After we’ve said goodbye and I hang up, I step into the shower and I swear, as soon as the hot pelting water hits my tired aching flesh, I almost cry it feels so good.

I’m happy, I guess. If someone were to ask me how I feel these days, I’d say I’m happy. Inhaling the fresh lemon and apple scent of my shampoo as I lather the smoke smell of the club from my hair, I can’t help as the thought crosses my mind that I should be. Happy, that is.

I’ve been much worse. I’ve certainly lived much worse, that’s for sure. I have my own house; though I didn’t put myself in it—it’s mine. I have my own car. And for the most part, I’m covering all my bills. I’m a functioning adult, as loosely as you’d like to take that term, of course. But it’s working. It may be different, or unorthodox, or abnormal, but it’s mine. And I’m happy, for the most part. I’m pretty happy with my lot in life.

After I’ve shaved from armpits to ankles, and rinsed the conditioner from my hair, I grab the fluffy towel from the shower rod and begin wiping my face with it as I step from the old claw-foot tub. Most parts of this house are old. It’s funny, really. The entire house was a metaphor for what Grams and I built our life upon when we moved down here.

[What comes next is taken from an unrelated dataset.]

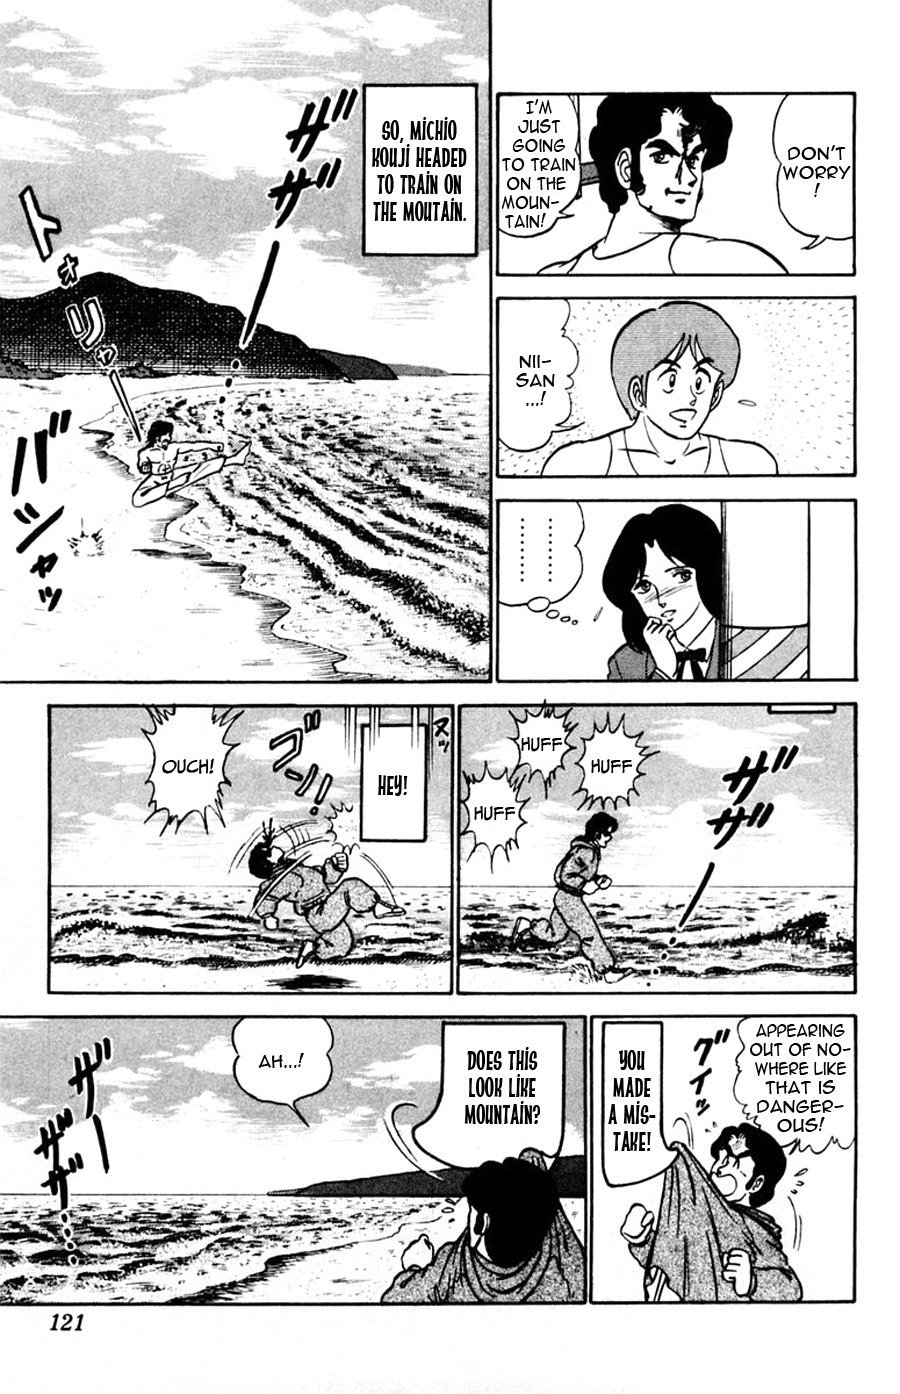 Yuu & Mii Vol. 8 Ch. 47 Michio Kouji's Story (Part 1)

The core of the house is probably older than dirt. But with time and storms, it’s like the crust and the mantle are new but the core, the strength of the house, is old. I wanted to tell Grams that badly. And I almost did, several times after the thought struck me one night the first year we lived here.

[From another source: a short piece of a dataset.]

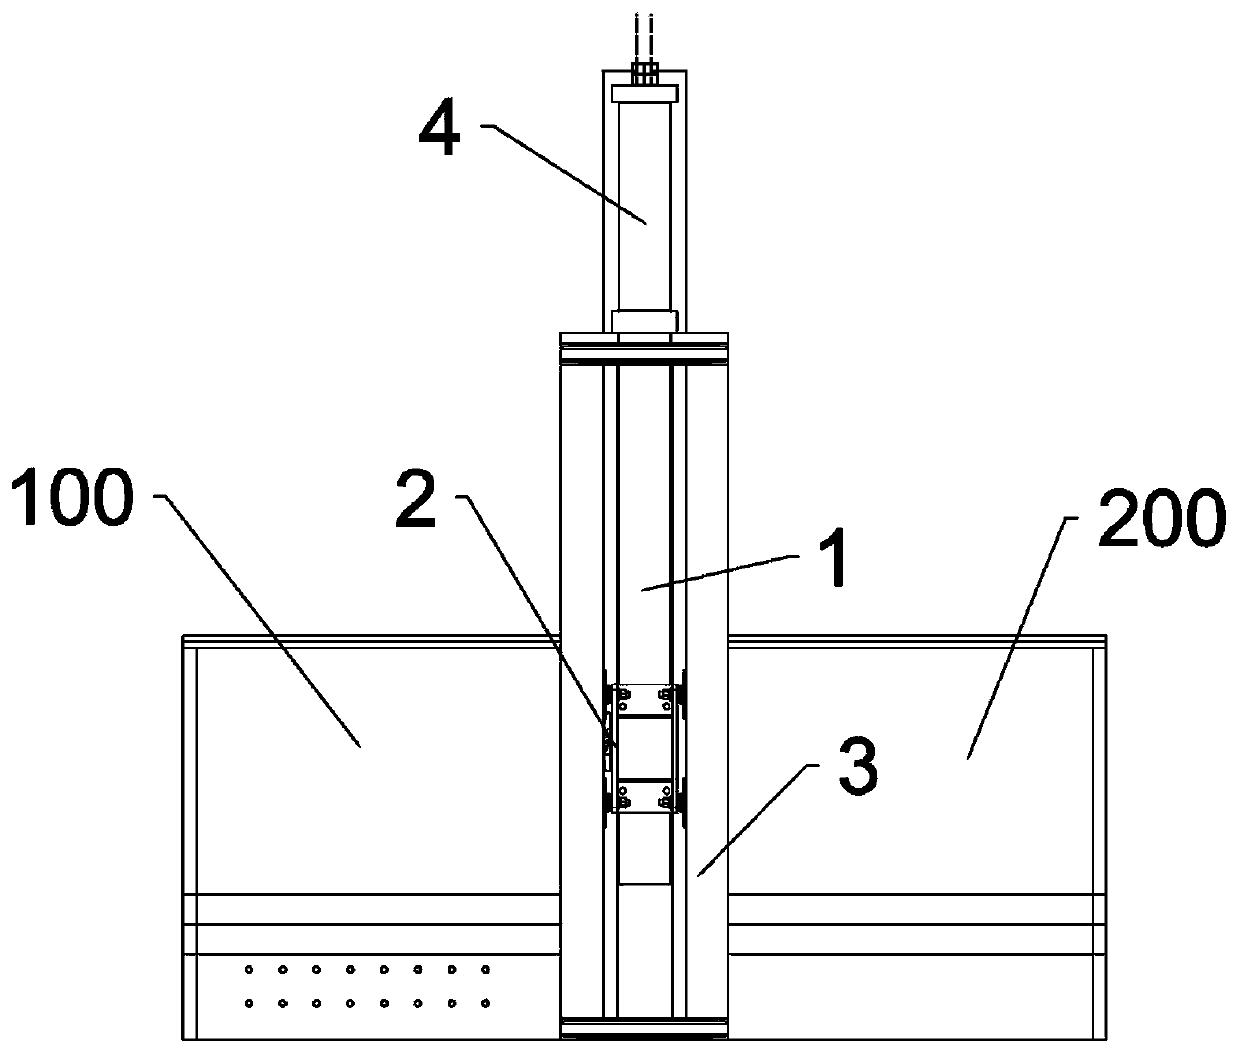 Middle door guide mechanism of garbage compressor

But you know that interim of time? When you’re between thinking when will this life ever end? And wondering how in the hell you got so lucky? When things are still and the days pass too quickly for you to even notice? Yeah, I forgot to say it to her, sometime then. Sometime on one of those days, I put it off.

I head towards the double doors leading to the deck on the back of the house after I throw on a band tee of Ty’s and some boyshorts. Swiping the small stack of mail from my dresser, I begin flipping through it before heading towards my bed for my bag when I remember I don’t have anymore damn cigarettes.

“Shit!” I mutter, stepping out on the back deck, sans my smokes, mainly to let my hair air dry because it makes it easier to manage and just throw up in a bun, instead of actually paying someone to cut it, but also so I can sit out under the night sky and use the full, bright moon to glance at what bills I won’t be able to pay ‘til...next Wednesday.

My hands still when I see her handwriting scrawled across a letter from New York, New York. “Dammit, Eden.” And I can’t promise you I’m cursing because of her or the fact that I’m out of cigarettes when my pointer finger swipes open the envelope.

As soon as I see the black ink scribbled across the college ruled loose leaf paper the letter is written on, I wince.
Why not just email? Like we’ve been doing for the last seven years?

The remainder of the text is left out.